Go through the following data and transcribe exactly the stretch of lines from the one holding "هل يتم تعذيب نساء في سجون كوريا الشمالية؟" to the one holding "2020.5.29 (16) 金蓮寺弥陀堂 - 開口部 2000-1500", both included.

__Input__.
——————————
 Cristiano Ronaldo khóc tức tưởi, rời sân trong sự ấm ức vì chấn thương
——————————
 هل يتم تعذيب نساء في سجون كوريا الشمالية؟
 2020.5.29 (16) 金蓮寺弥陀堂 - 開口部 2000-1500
——————————
__Response area__.
 هل يتم تعذيب نساء في سجون كوريا الشمالية؟
 2020.5.29 (16) 金蓮寺弥陀堂 - 開口部 2000-1500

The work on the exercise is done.